À une époque où le Canada se vante d’accords de libre-échange avec des pays du monde entier, le labyrinthe persistant de barrières réglementaires entravant le commerce entre ses propres provinces représente un paradoxe économique frappant. Les experts de l’industrie et les économistes sont de plus en plus pessimistes quant à l’objectif ambitieux du gouvernement fédéral d’éliminer ces barrières commerciales internes, malgré les promesses répétées des administrations successives.
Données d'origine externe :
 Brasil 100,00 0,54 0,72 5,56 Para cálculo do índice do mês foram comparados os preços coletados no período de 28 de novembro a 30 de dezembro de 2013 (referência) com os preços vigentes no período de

“Nous sommes devenus assez habiles à négocier des accords commerciaux internationaux tout en échouant à résoudre le problème du marché fragmenté à l’intérieur de nos propres frontières,” déclare Trevor Tombe, professeur d’économie à l’Université de Calgary et chercheur de premier plan sur les barrières commerciales interprovinciales. “Le coût économique de ces barrières internes est estimé entre 50 et 90 milliards de dollars par an, soit l’équivalent de milliers de dollars par ménage canadien.”
L’Accord de libre-échange canadien (ALEC), mis en œuvre en 2017, devait être un moment décisif pour la libéralisation du commerce intérieur. Cependant, sept ans plus tard, les provinces maintiennent toujours un réseau complexe de réglementations qui restreignent la circulation des biens, des services et de la main-d’œuvre à travers les frontières provinciales. Ces barrières vont des différentes réglementations sur le camionnage et exigences de certification professionnelle aux règles variées de distribution d’alcool et aux pratiques d’approvisionnement gouvernemental.
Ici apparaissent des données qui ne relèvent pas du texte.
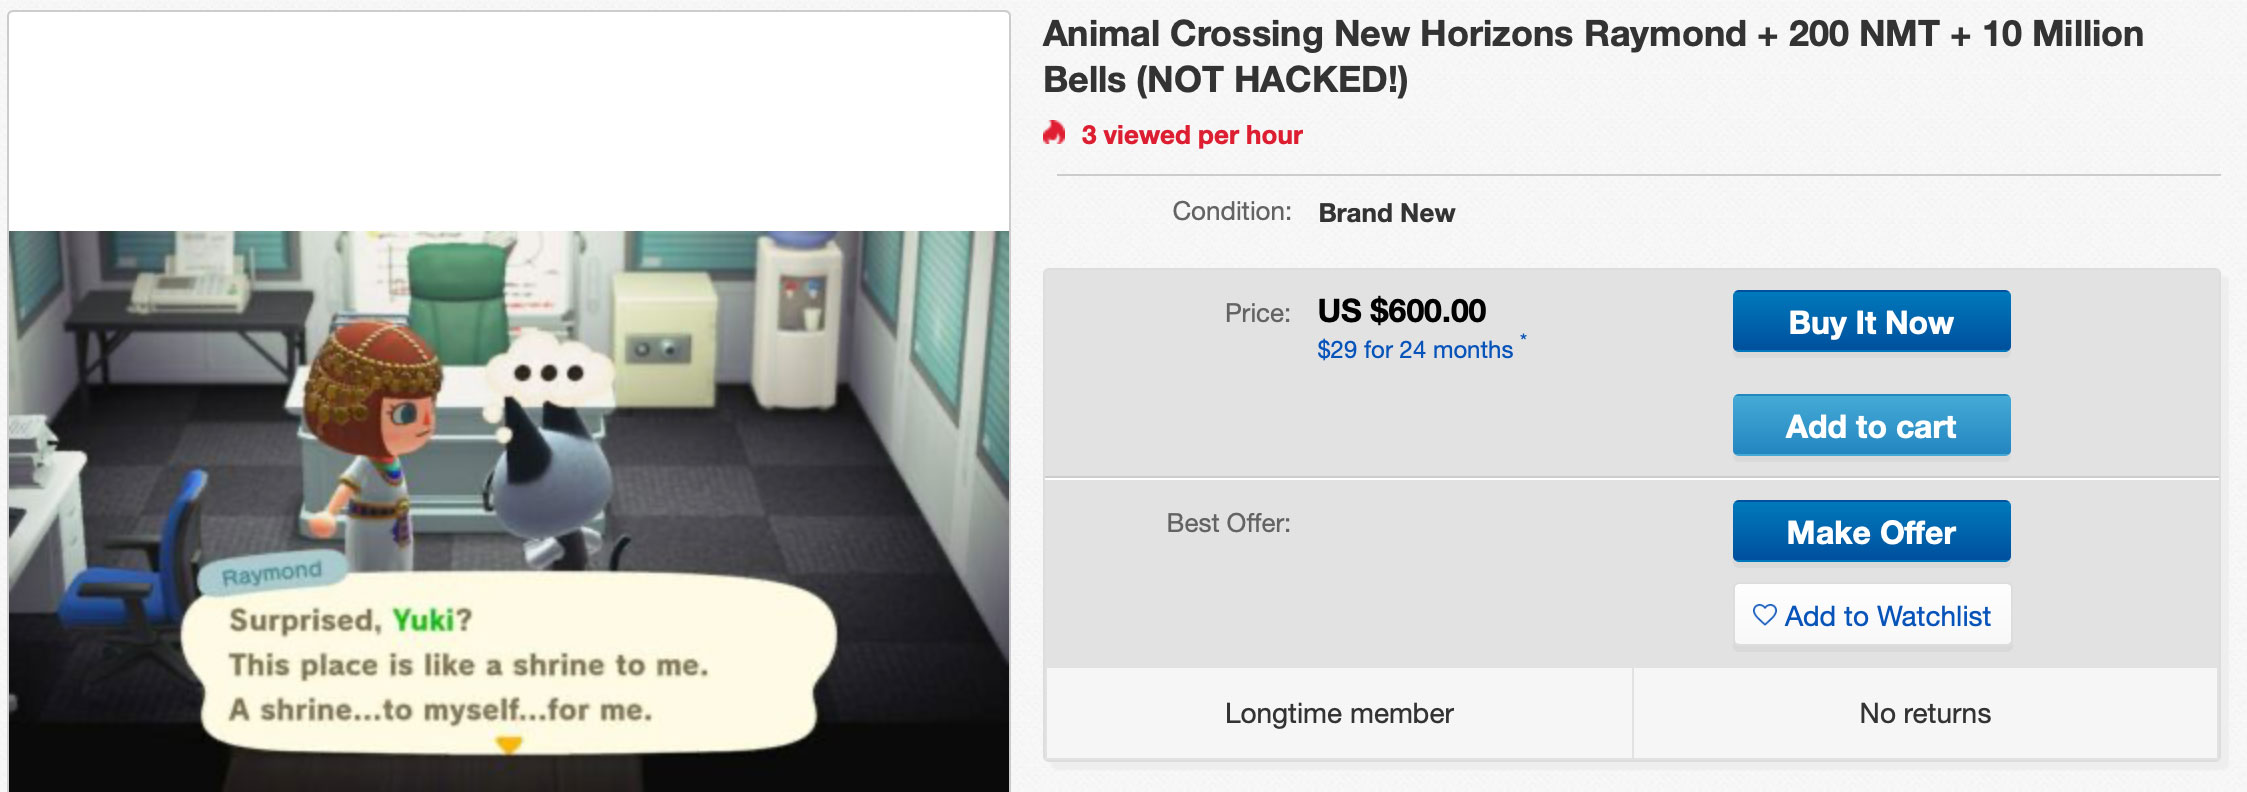 Animal Crossing: New Horizons Raymond

Certaines des barrières les plus problématiques concernent les professions réglementées. Les ingénieurs, comptables, infirmières et autres professionnels font souvent face à des obstacles bureaucratiques lorsqu’ils tentent d’exercer au-delà des frontières provinciales. Selon un récent rapport de l’Institut C.D. Howe, ces restrictions à la mobilité de la main-d’œuvre coûtent à elles seules environ 10 milliards de dollars par an à l’économie canadienne en perte de productivité.
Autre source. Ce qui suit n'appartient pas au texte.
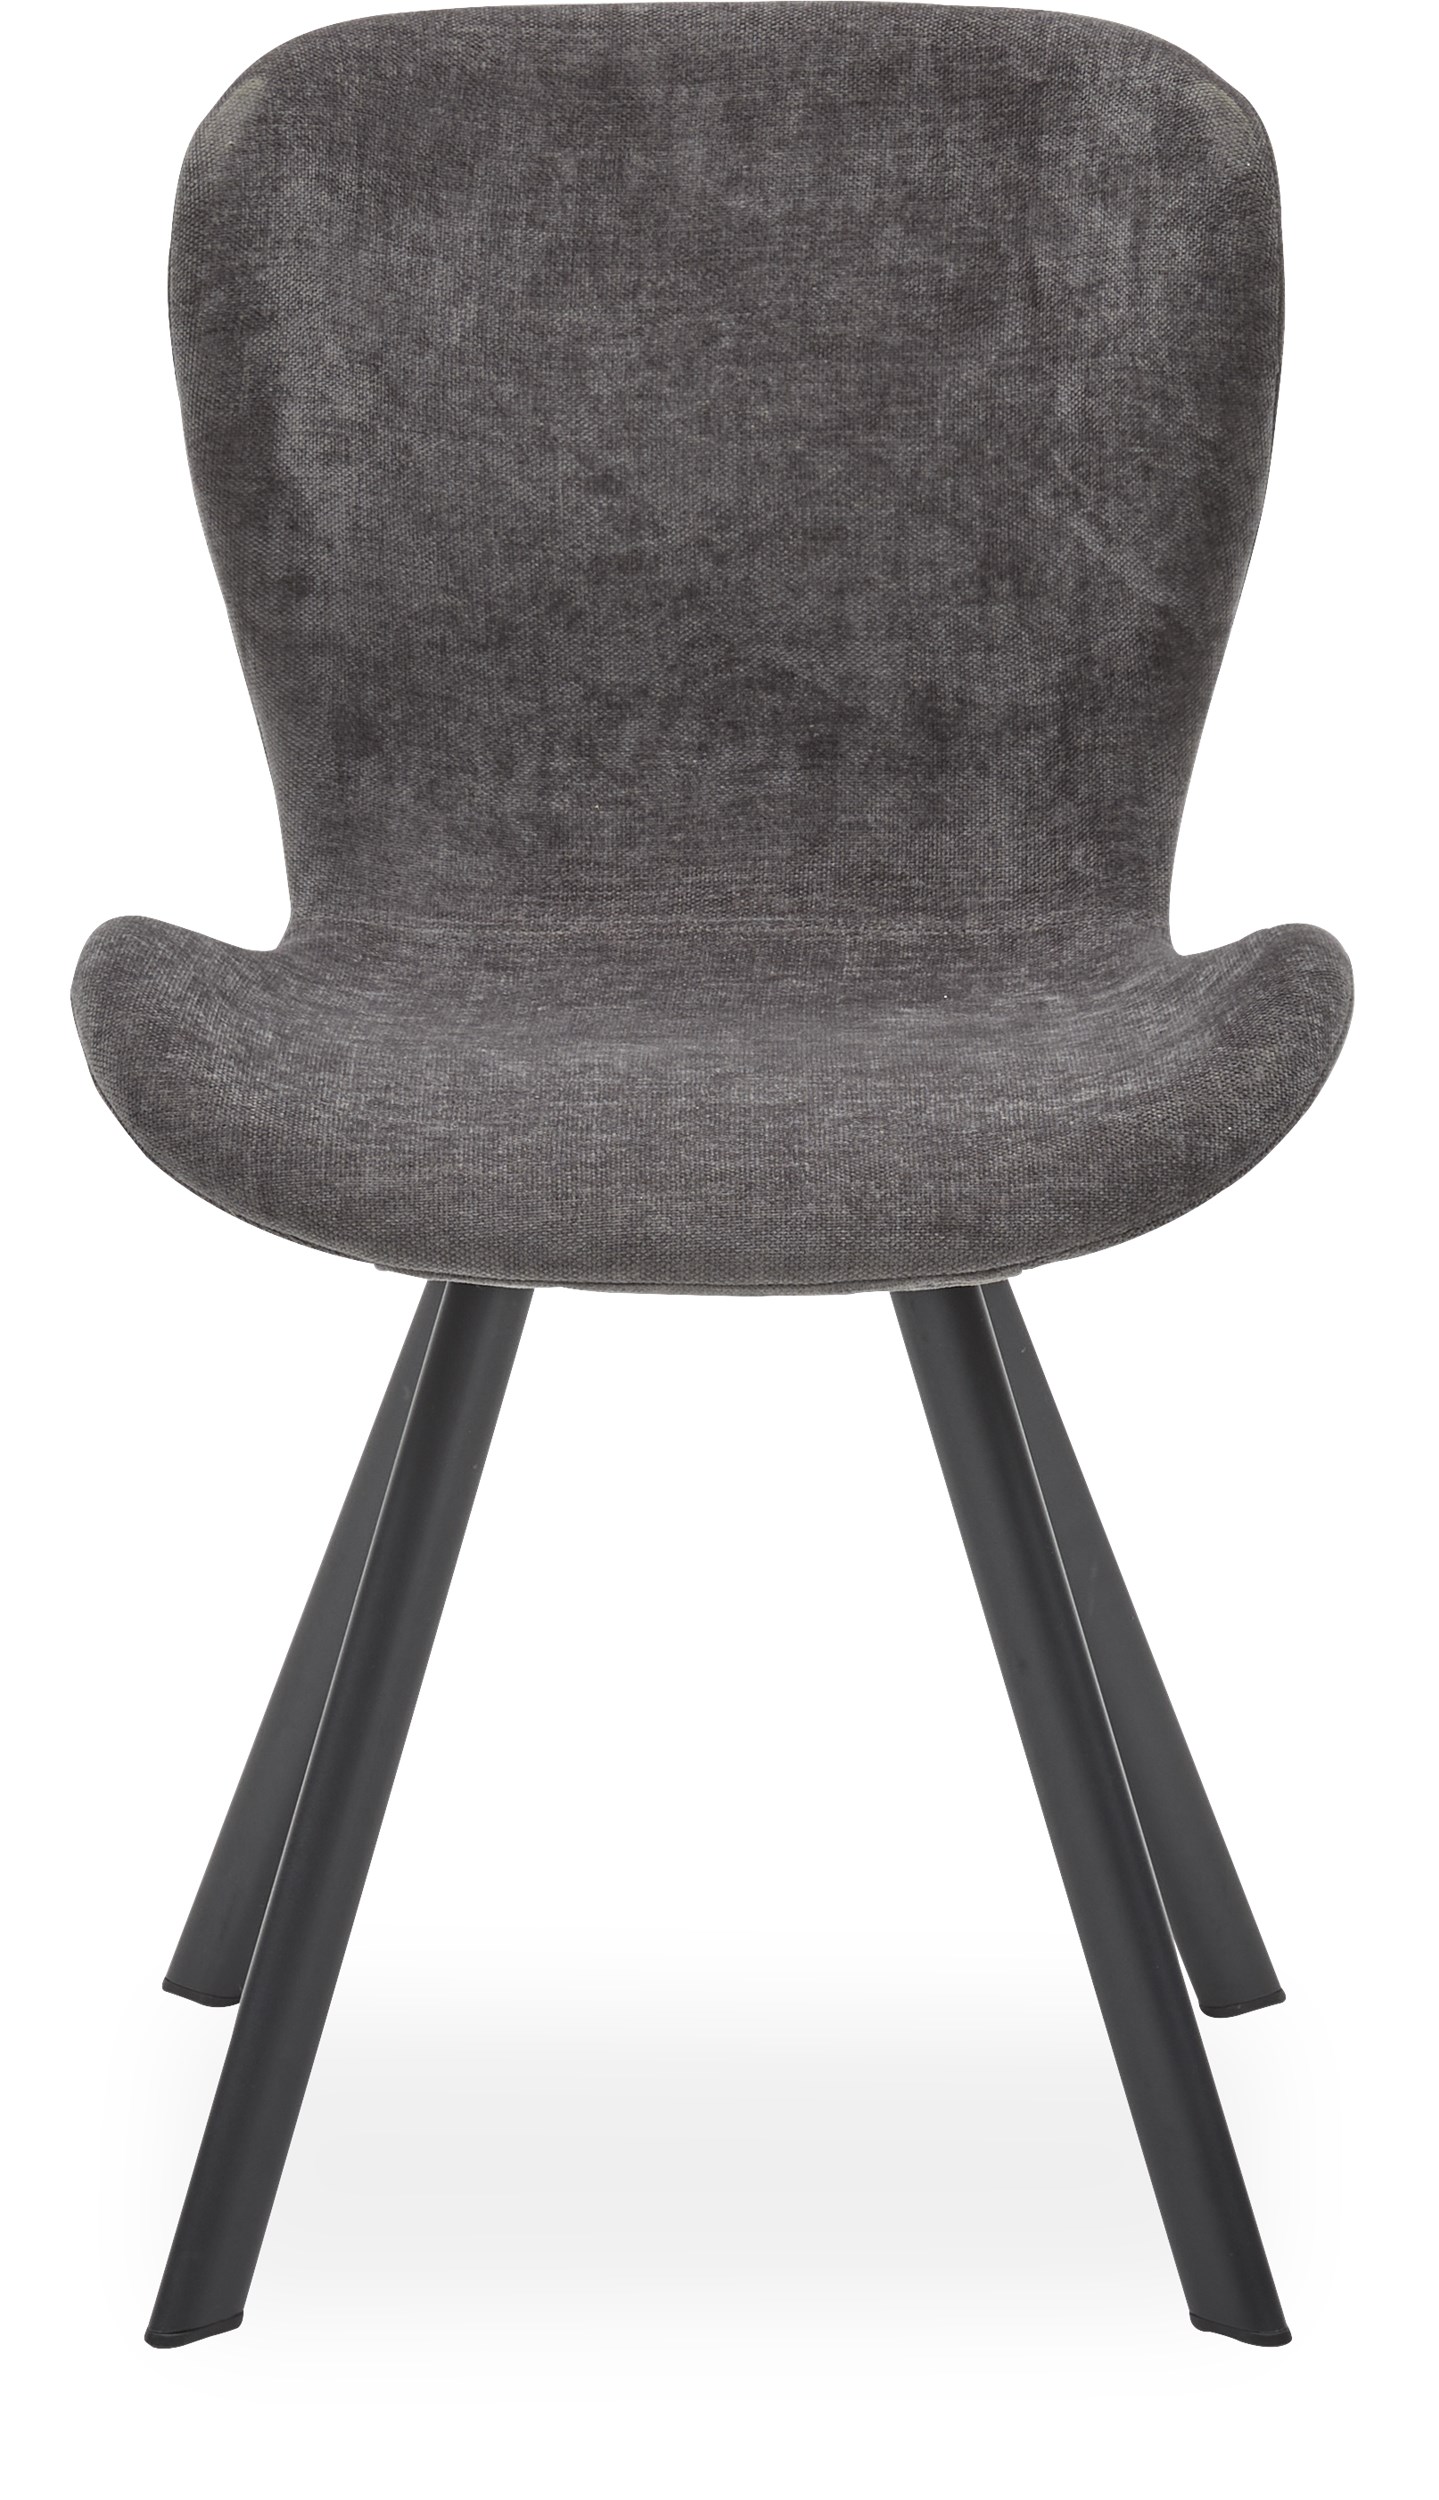 Ally Spisebordsstol - Sæde i mørkegråt stof og ben i sort pulverlakeret metal

Le protectionnisme provincial reste profondément enraciné, particulièrement dans les marchés publics. Les exigences strictes du Québec en matière de contenu local pour les contrats publics et les politiques “Achetez en Ontario” illustrent comment les provinces continuent de favoriser les entreprises locales par rapport à celles des provinces voisines — des pratiques qui seraient illégales dans le cadre d’accords commerciaux internationaux comme l’ACEUM avec les États-Unis.
“L’ironie n’échappe pas aux propriétaires d’entreprises,” affirme Perrin Beatty, président de la Chambre de commerce du Canada. “Une entreprise à Halifax pourrait trouver plus facile de vendre à des clients à Boston qu’à Montréal en raison des différences réglementaires interprovinciales.”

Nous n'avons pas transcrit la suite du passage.